Son cada vez más frecuentes las sequías, olas de calor, incendios e inundaciones en todo el mundo, y lo serán aún más en los próximos años si no se mitigan sus efectos.

Según el ultimo informe del Panel Internacional del Cambio Climático (IPCC) la situación se complicará si a final de siglo la temperatura media del planeta asciende 1,5ºC o lo que es aún peor, si sube hasta 2ºC respecto a la actual.

 ¿Puede ser una erupción volcánica tan potente como para disminuir drásticamente la temperatura media global?

Por ello, son muchas las cuestiones que surgen alrededor de cómo podríamos “solucionar” —o más bien mitigar— el principal problema medioambiental del planeta. La implantación global de energías renovables, la reducción de las emisiones de CO2, la mejora de la eficiencia de los transportes… son algunos de los aspectos que deberían cumplirse para poder finalizar el siglo en el mejor de los escenarios.

Sin embargo, la pregunta surge también en el ámbito natural ¿podría la Tierra producir una respuesta que reduzca los efectos del cambio climático? ¿Puede ser una erupción volcánica tan potente como para disminuir drásticamente la temperatura media global?

Volcanes ¿aliados contra el cambio climático?

Lo primero que debemos saber es que las erupciones volcánicas pueden reducir la temperatura del planeta ¿Por qué?

Básicamente porque las partículas y gases que expulsan quedan retenidas en la estratosfera y no dejan pasar la radiación solar, reflejándola de vuelta al espacio.

Para que esto ocurra la erupción debe ser lo suficientemente potente como para enviar la columna de partículas a la atmósfera y que estas sean lo suficientemente abundantes como para provocar este efecto.
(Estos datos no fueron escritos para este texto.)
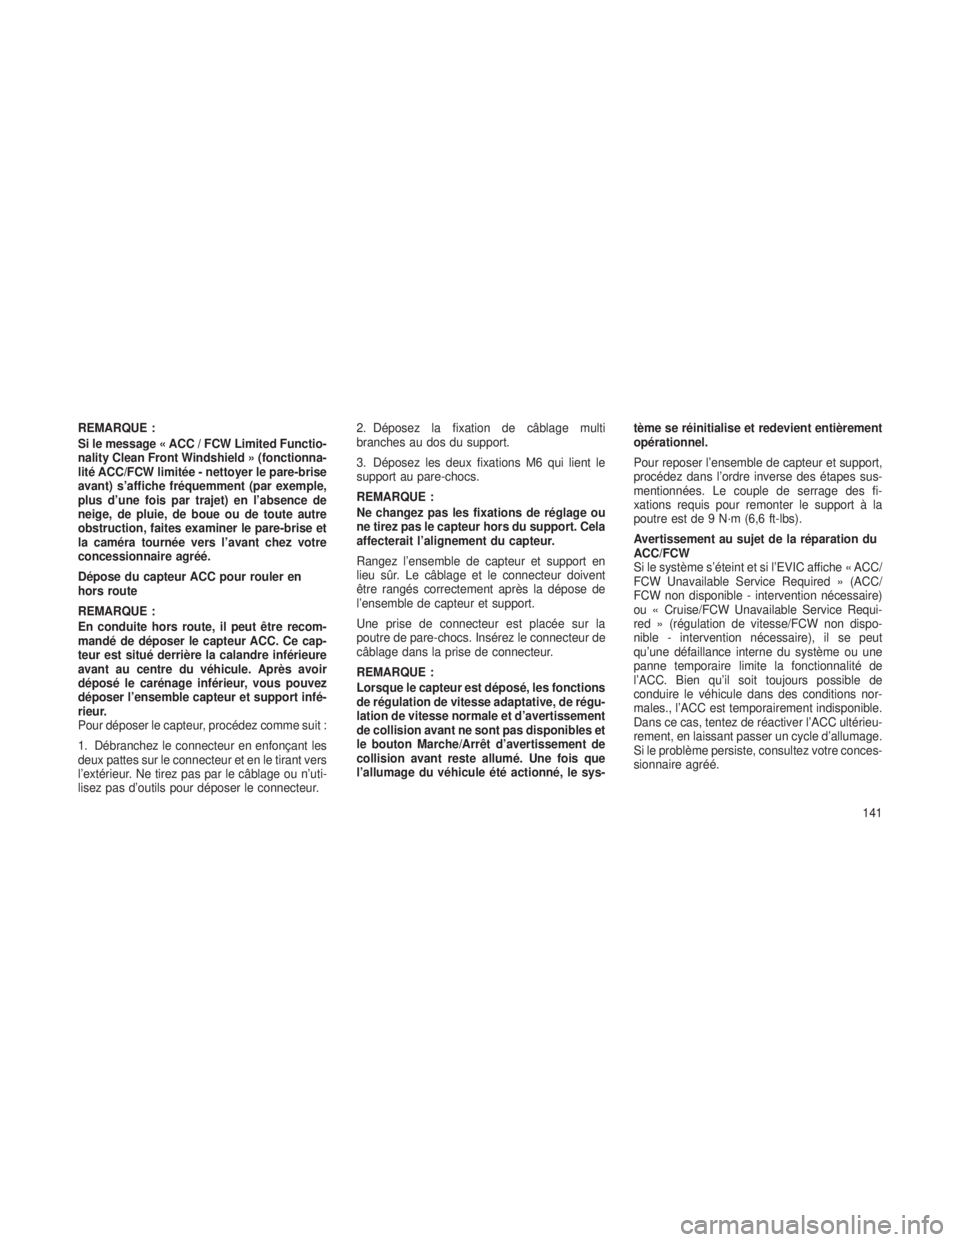 JEEP GRAND CHEROKEE 2013  Notice dentretien (in French) REMARQUE :
Si le message « ACC / FCW Limited Functio-
nality Clean Front Windshield » (fonctionna-
lité ACC/FCW limitée - nettoyer le pare-brise
avant) s’affiche fréquemment (par exemple,
plus

Ejemplos no faltan en la historia. El Pinatubo —un volcán situado en Filipinas— arrojó en 1991 a la atmósfera toneladas de roca y ceniza y más de 15 millones de toneladas de dióxido de azufre.

Estos gases y partículas formaron aerosoles al Unirse al vapor de agua atmosférico y estos reflejaron la radiación solar durante años.
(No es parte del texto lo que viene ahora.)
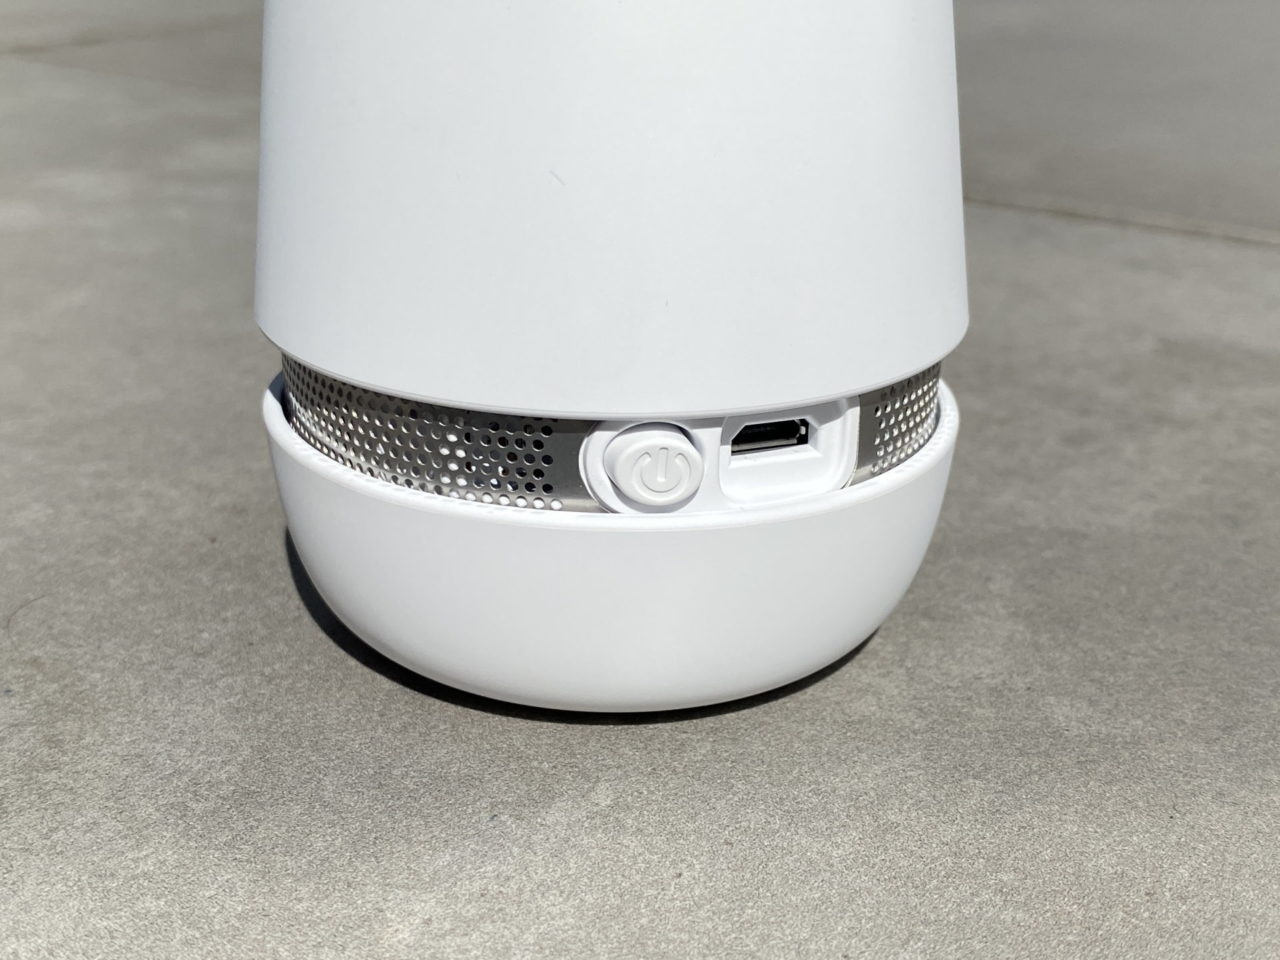 Bosch-spexor-Lautsprecherleiste-mit-Schalter-und-USB-Port.jpg

Como consecuencia, se produjo una disminución de la temperatura media global en unos 0,5ºC.

Si nos remontamos más atrás en el tiempo, nos encontramos con el Krakatoa, cuya erupción en 1883 arrojó cenizas a 80 kilómetros de altura en la atmósfera.
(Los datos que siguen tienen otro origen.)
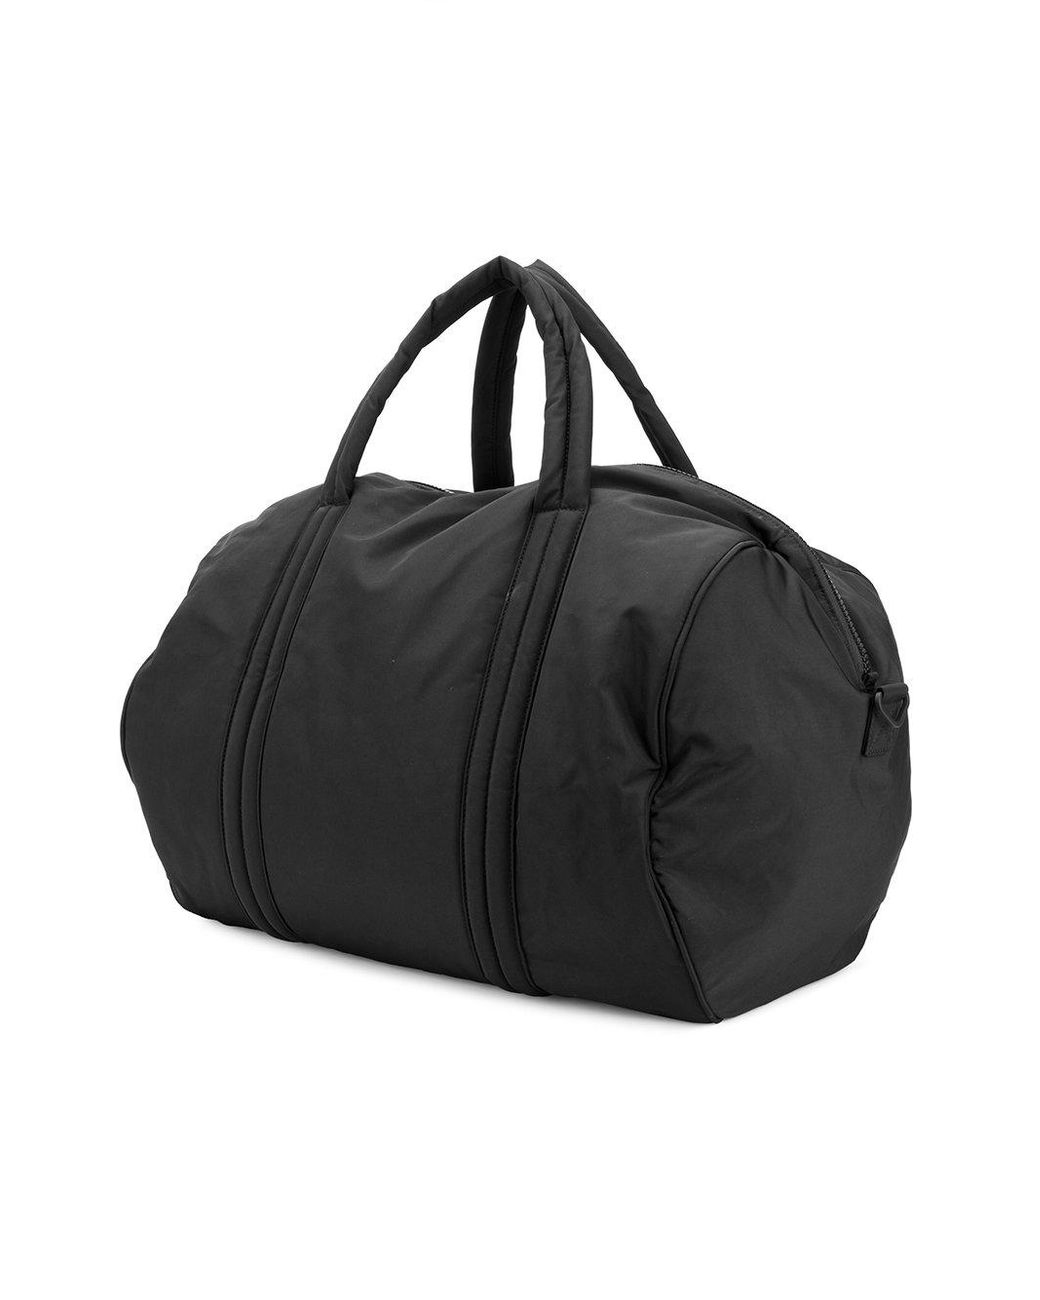 Yeezy Season 6 Gym Bag in Black | Lyst Canada

También con el volcán Tambora, el cual se consideró la erupción más potente jamás registrada, lanzando a la atmósfera 151.75 kilómetros cúbicos de polvo, cenizas y piedras.

Sucedió en 1815 y, al permanecer las cenizas varios años en la atmósfera las temperaturas bajaron notablemente, provocando lo que se conoció como «el año sin verano«.

Logró disminuir la temperatura media global más de 2,5ºC.

Geoingeniería para enfriar la atmósfera

Sin embargo, los volcanes no erupcionan cuando nosotros lo deseamos y algunos científicos ya han planteado la posibilidad de intervenir en la atmósfera —inyectando partículas de aerosoles— para enfriar el Planeta y combatir, de este modo, el calentamiento global.

El mayor problema de esto, además de producir una intrusión no natural en el sistema climático, es el hecho de que se pueden producir cambios en los patrones de circulación en el caso de inyección de dióxido de azufre, algo que también puede afectar a la formación de la microfísica de nubes.

Podría tener impacto además sobre los seres humanos produciendo una pérdida del ozono estratosférico y por lo tanto contribuyendo a que llegue mayor radiación solar.

Esto produciría índices de radiación ultravioletas elevados y mayor posibilidad de cáncer de piel y enfermedades derivadas.

Lo que está claro es que, si queremos que la Tierra continúe siendo un lugar habitable, se deben tomar medidas contra el cambio climático, un fenómeno global que cada vez preocupa más a los investigadores, gobiernos y población en general.